Grilhões auto-impostos II

A bengala de um fracassado são seus sonhos não realizados.

quarta-feira, 3 de fevereiro de 2010

Grilhões auto-impostos

Seres alados não são destinados a caminhar,
Porém afundam-se em lamaçais por influência das multidões rastejantes.
E suas asas,
Encharcadas de lodo,
Tornam a caminhada ainda mais penosa.

sábado, 30 de janeiro de 2010

Desespero Nostálgico (encontrado num antigo baú digital)

Era um Sábado de tarde, lá pelas 5 horas, o clima estava ameno, pelo menos para ele, que gostava de tempo frio, os calafrios na espinha gerados por correntes repentinas eram uma das poucas coisas que faziam com que se sentisse vivo. De baixo a cima um raio pulsante de energia sensitiva, logo em seguida um chacoalhar de ombros e um gemido trêmulo de satisfação.

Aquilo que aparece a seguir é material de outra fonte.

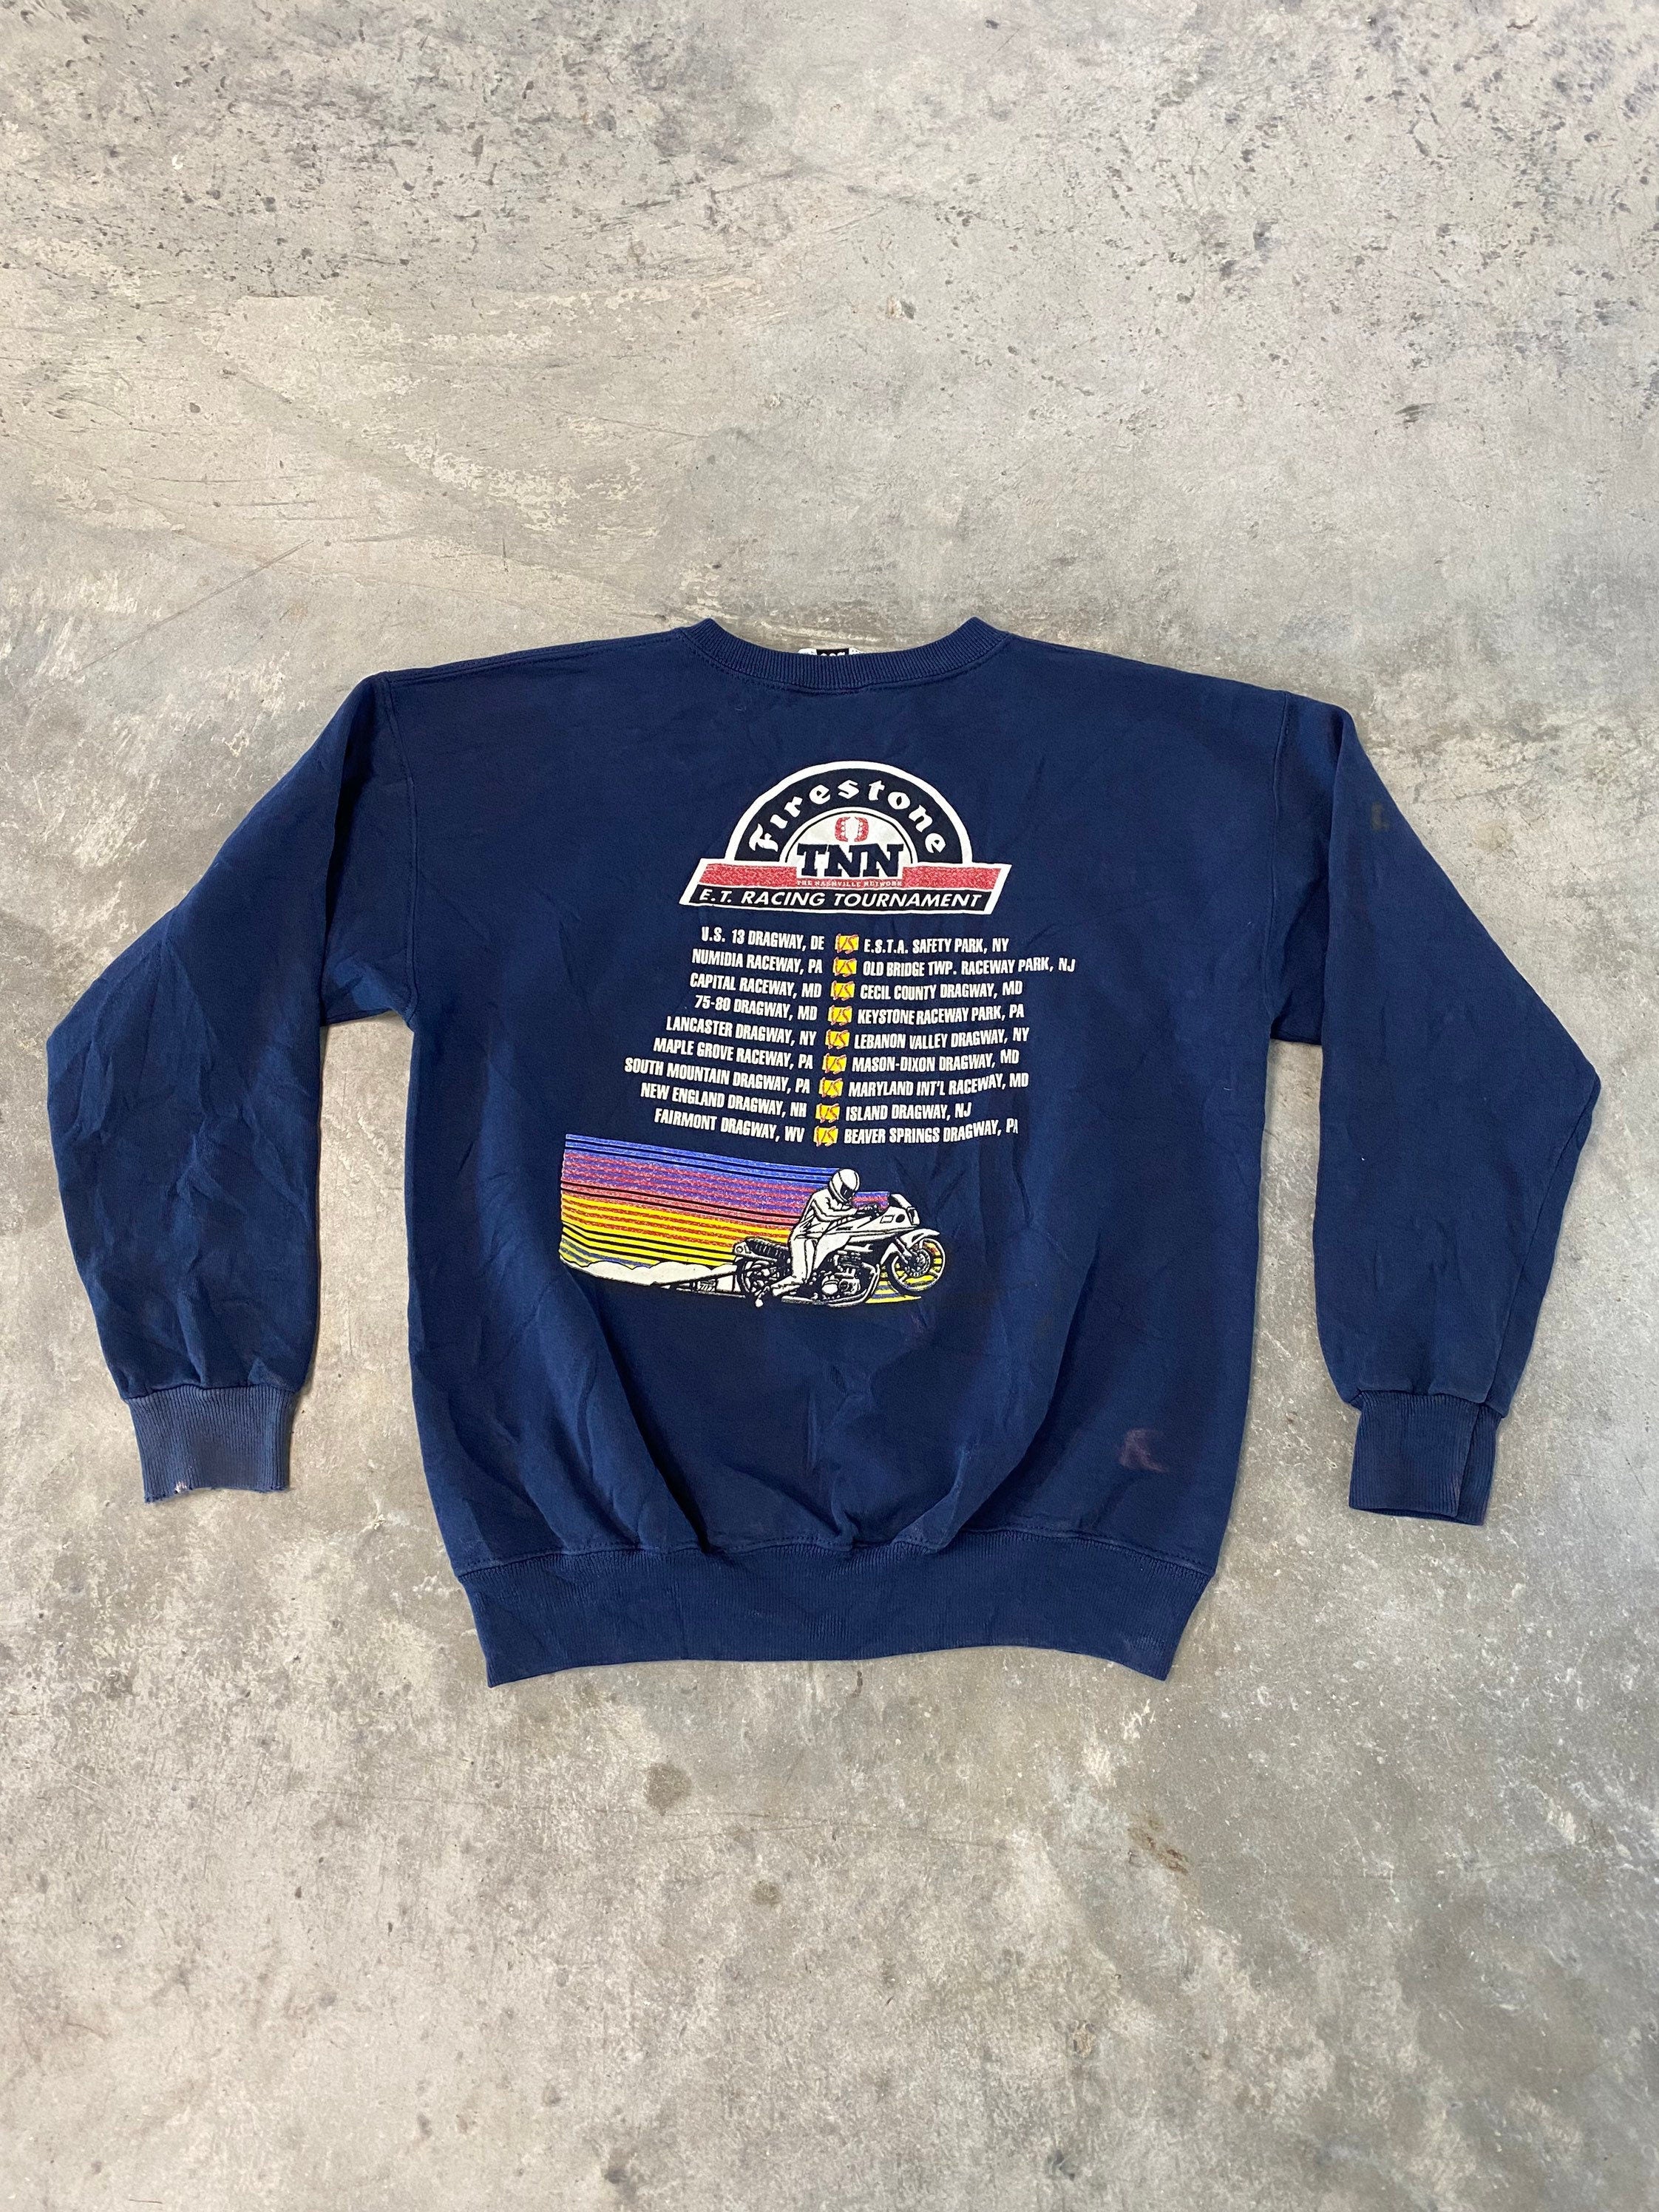 Vintage 1991 Firestone Racing Tournament Sweatshirt Size Small

Desligou o computador e abriu sua gaveta de vinis, acariciou-os um a um até achar The Pros and Cons of Hitch Hiking, olhou um pouco para a capa e lembrou-se de On the Road, a loira e tentadora liberdade, vestida de vermelho ao lado de sua estrada, só esperando que ele parasse e a convidasse para entrar em sua vida. Tirou o disco cuidadosamente, uma soprada e encaixou-o lentamente no prato, depois o botão para começar as 33 rotações por minuto e finalmente a agulha, posicionada precisamente,lift down e pronto, chiados, estalos, um trovão e a música começava a se impor.

Suspirou profundamente e pegou um cigarro da carteira em cima da mesa, se ajeitou em sua poltrona e acendeu-o. Deu a primeira tragada, longa, como sempre a melhor, soltou a fumaça lentamente, uma nuvem densa de prazer mórbido. A música ia evoluindo, se misturando ao ar esfumaçado, que fugia sorrateiramente pela fresta aberta da janela. Esfregou os olhos com o polegar e o indicador, mais um suspiro e se revirou inquieto.

Puta que pariu, pensou, Puta Que Pariu, sussurou, PUTA QUE PARIU, gritou enfurecido. Levantou rápido e esbarrou no toca discos, um estrondo e então um “AAArrrggghhh!!!” característico de Roger Waters.

Andou até a janela e abriu-a por completo, se debruçou sobre ela e com os olhos fechados e a cabeça baixa deu mais uma tragada com toda a força, começou a tossir, e se misturando à tosse começou um riso compulsivo, como que num auto-sarcasmo dos mais cruéis. Jogou fora o cigarro e sentou-se no chão, de costas para a parede, com os joelhos dobrados, ainda com sua risada psicótica.

- Estou enlouquecendo! Estou pirando! Estou atolado nesta merda! – sussurou atônito.

Com um estrondo a porta foi arrombada e o apartamento violentamente invadido. Não pensou duas vezes, pulou pela janela do sétimo andar.